In geometry, a cissoid (from grc κισσοειδής (kissoeidēs) 'ivy-shaped') is a plane curve generated from two given curves C₁, C₂ and a point O (the pole). Let L be a variable line passing through O and intersecting C₁ at P₁ and C₂ at P₂. Let P be the point on L so that [math]\displaystyle{ \overline{OP} = \overline{P_1 P_2}. }[/math] (There are actually two such points but P is chosen so that P is in the same direction from O as P₂ is from P₁.) Then the locus of such points P is defined to be the cissoid of the curves C₁, C₂ relative to O.

Slightly different but essentially equivalent definitions are used by different authors. For example, P may be defined to be the point so that [math]\displaystyle{ \overline{OP} = \overline{OP_1} + \overline{OP_2}. }[/math] This is equivalent to the other definition if C₁ is replaced by its reflection through O. Or P may be defined as the midpoint of P₁ and P₂; this produces the curve generated by the previous curve scaled by a factor of 1/2.

Equations

If C₁ and C₂ are given in polar coordinates by [math]\displaystyle{ r=f_1(\theta) }[/math] and [math]\displaystyle{ r=f_2(\theta) }[/math] respectively, then the equation [math]\displaystyle{ r=f_2(\theta)-f_1(\theta) }[/math] describes the cissoid of C₁ and C₂ relative to the origin. However, because a point may be represented in multiple ways in polar coordinates, there may be other branches of the cissoid which have a different equation.

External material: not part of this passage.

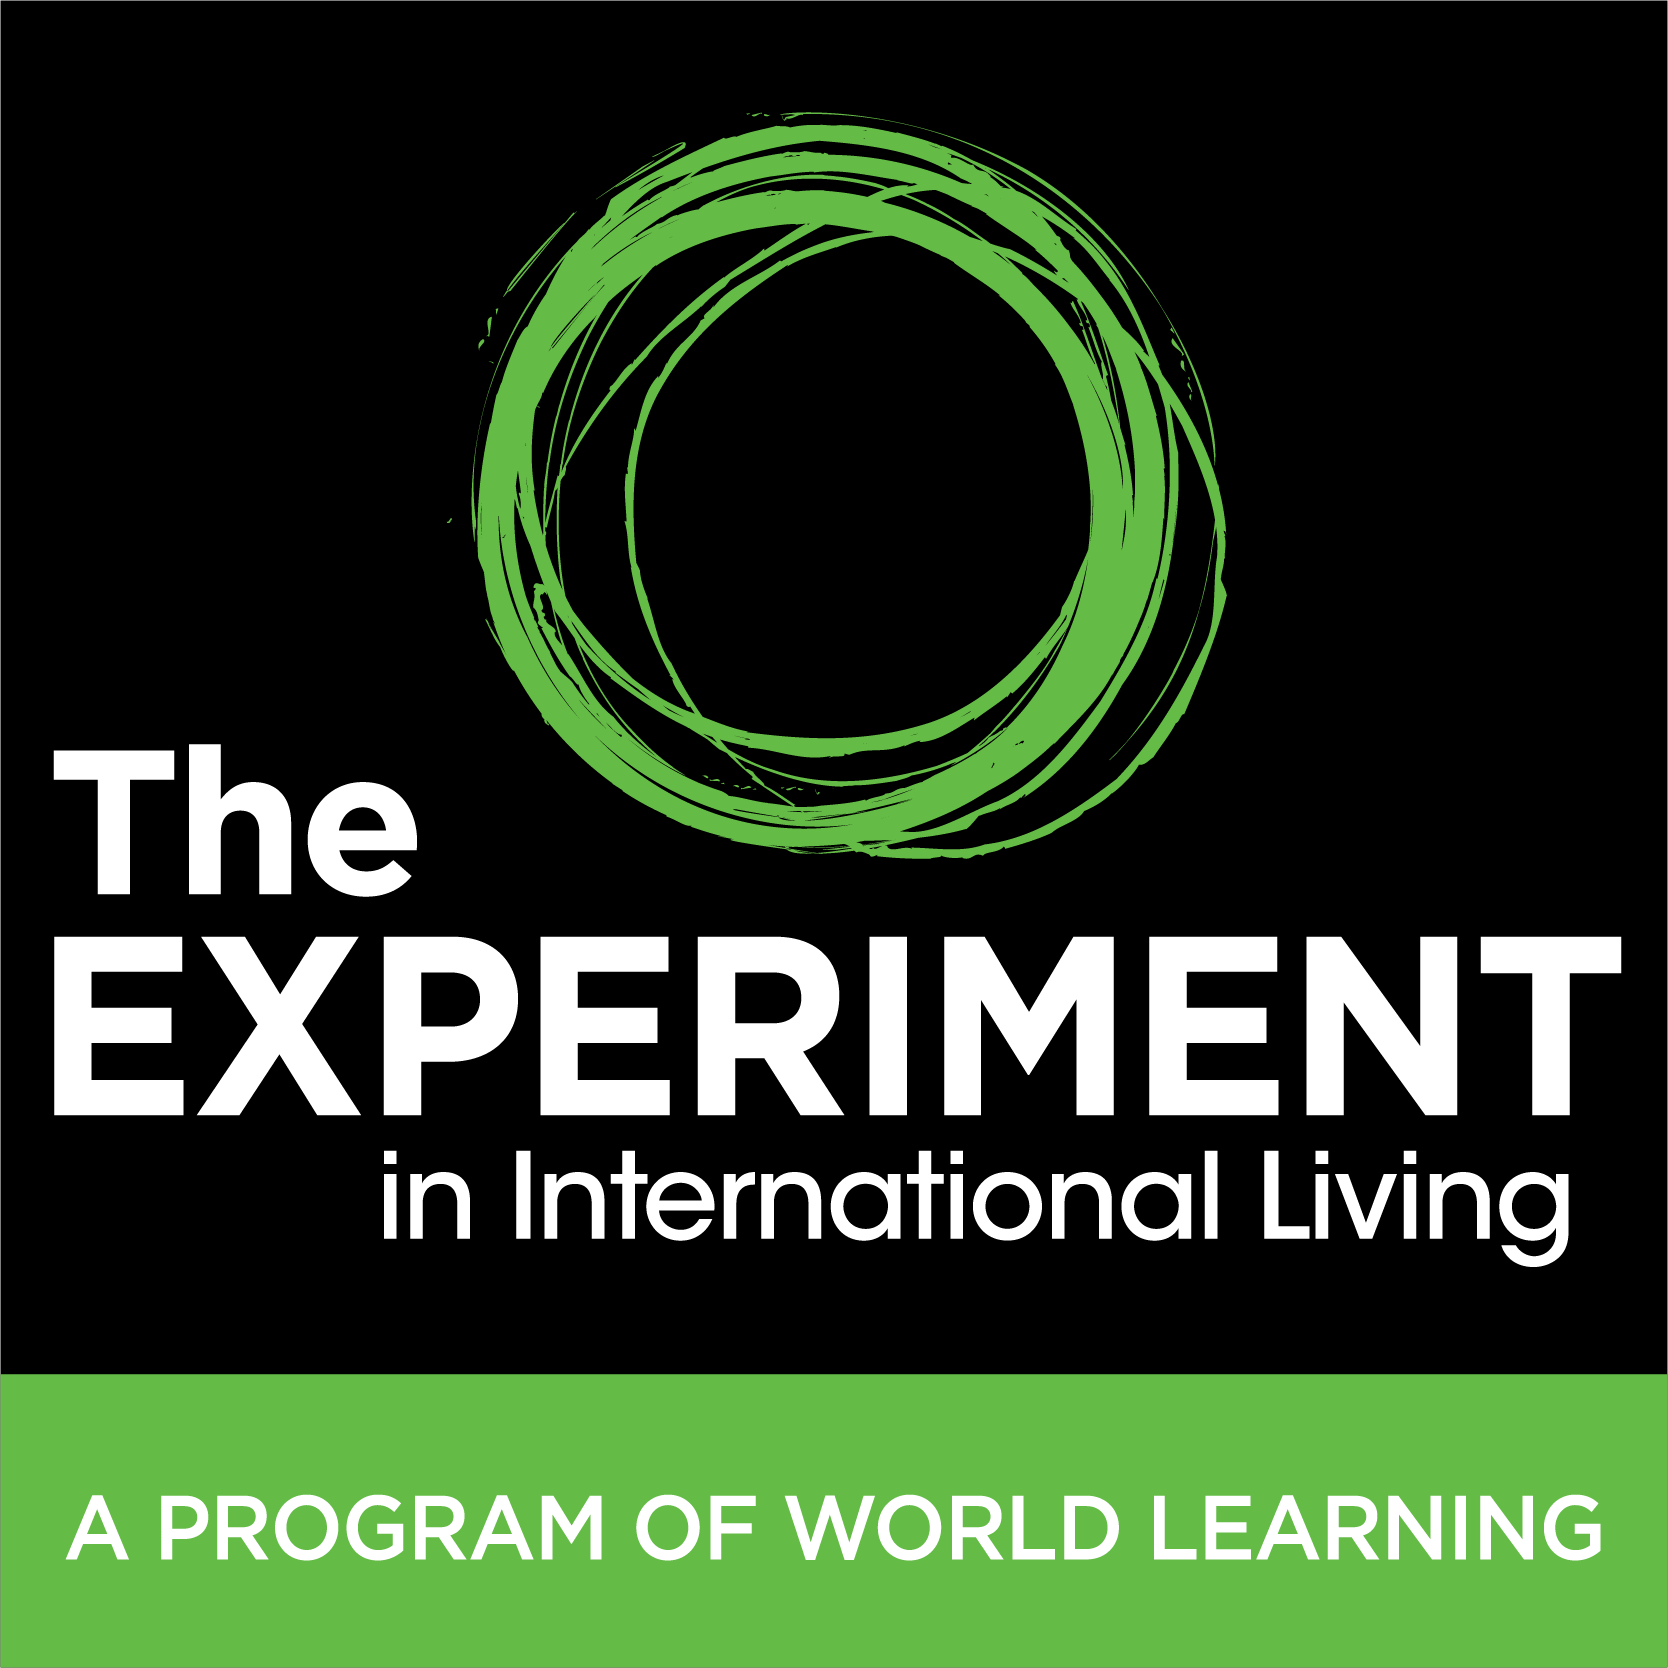 Experiment in International Living - Wikipedia

Specifically, C₁ is also given by

[math]\displaystyle{ \begin{align} & r=-f_1(\theta+\pi) \\ & r=-f_1(\theta-\pi) \\ & r=f_1(\theta+2\pi) \\ & r=f_1(\theta-2\pi) \\ & \qquad \qquad \vdots \end{align} }[/math]

So the cissoid is actually the union of the curves given by the equations

[math]\displaystyle{ \begin{align} & r=f_2(\theta)-f_1(\theta) \\ & r=f_2(\theta)+f_1(\theta+\pi) \\ &r=f_2(\theta)+f_1(\theta-\pi) \\ & r=f_2(\theta)-f_1(\theta+2\pi) \\ & r=f_2(\theta)-f_1(\theta-2\pi) \\ & \qquad \qquad \vdots \end{align} }[/math]

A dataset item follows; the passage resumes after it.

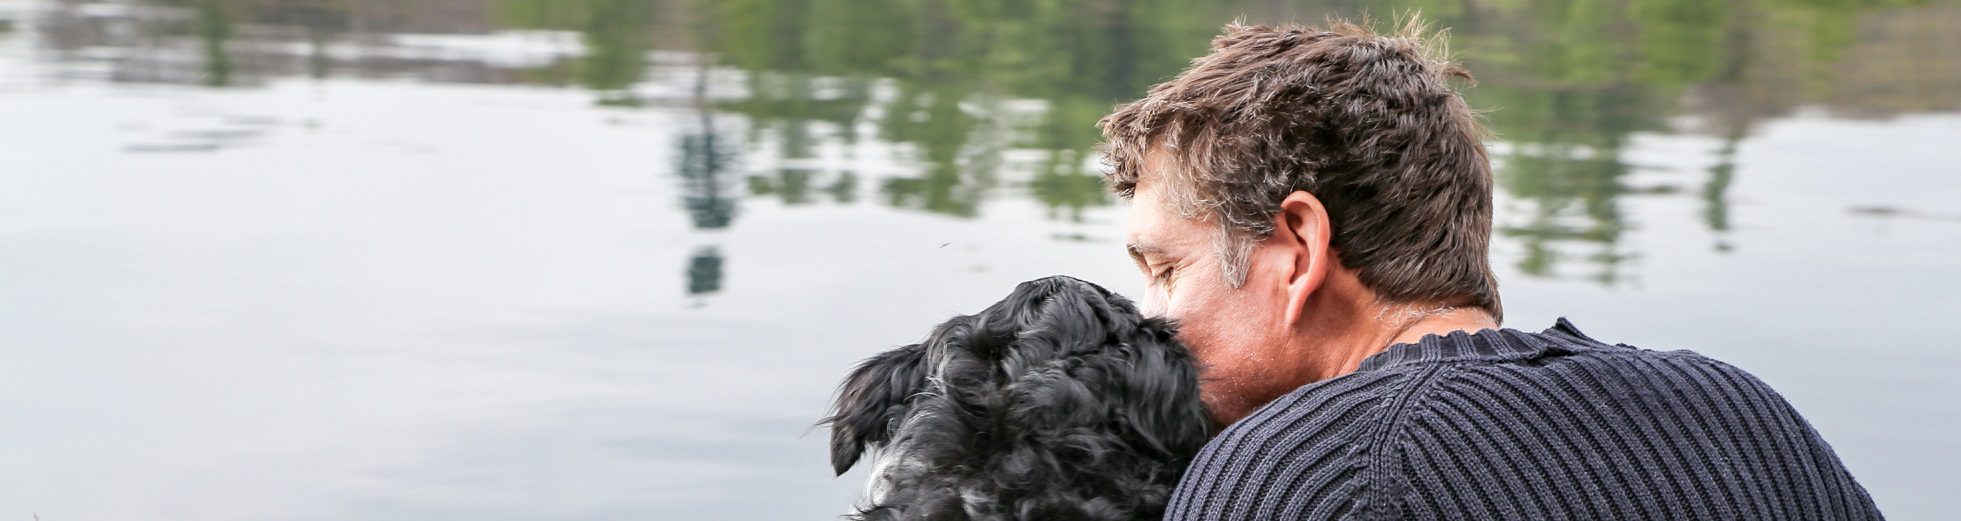 Behind view of man and dog sitting and hugging in front of lake

It can be determined on an individual basis depending on the periods of f₁ and f₂, which of these equations can be eliminated due to duplication.

Ellipse [math]\displaystyle{ r=\frac{1}{2-\cos \theta} }[/math] in red, with its two cissoid branches in black and blue (origin)

For example, let C₁ and C₂ both be the ellipse

[math]\displaystyle{ r=\frac{1}{2-\cos \theta}. }[/math]

The first branch of the cissoid is given by

[math]\displaystyle{ r=\frac{1}{2-\cos \theta}-\frac{1}{2-\cos \theta}=0, }[/math]

which is simply the origin. The ellipse is also given by

[math]\displaystyle{ r=\frac{-1}{2+\cos \theta}, }[/math]

so a second branch of the cissoid is given by

[math]\displaystyle{ r=\frac{1}{2-\cos \theta}+\frac{1}{2+\cos \theta} }[/math]

which is an oval shaped curve.

If each C₁ and C₂ are given by the parametric equations

[math]\displaystyle{ x = f_1(p),\ y = px }[/math]

and

[math]\displaystyle{ x = f_2(p),\ y = px, }[/math]

then the cissoid relative to the origin is given by

[math]\displaystyle{ x = f_2(p)-f_1(p),\ y = px. }[/math]

Specific cases

When C₁ is a circle with center O then the cissoid is conchoid of C₂.

When C₁ and C₂ are parallel lines then the cissoid is a third line parallel to the given lines.

Hyperbolas

Let C₁ and C₂ be two non-parallel lines and let O be the origin. Let the polar equations of C₁ and C₂ be

[math]\displaystyle{ r=\frac{a_1}{\cos (\theta-\alpha_1)} }[/math]

and

[math]\displaystyle{ r=\frac{a_2}{\cos (\theta-\alpha_2)}. }[/math]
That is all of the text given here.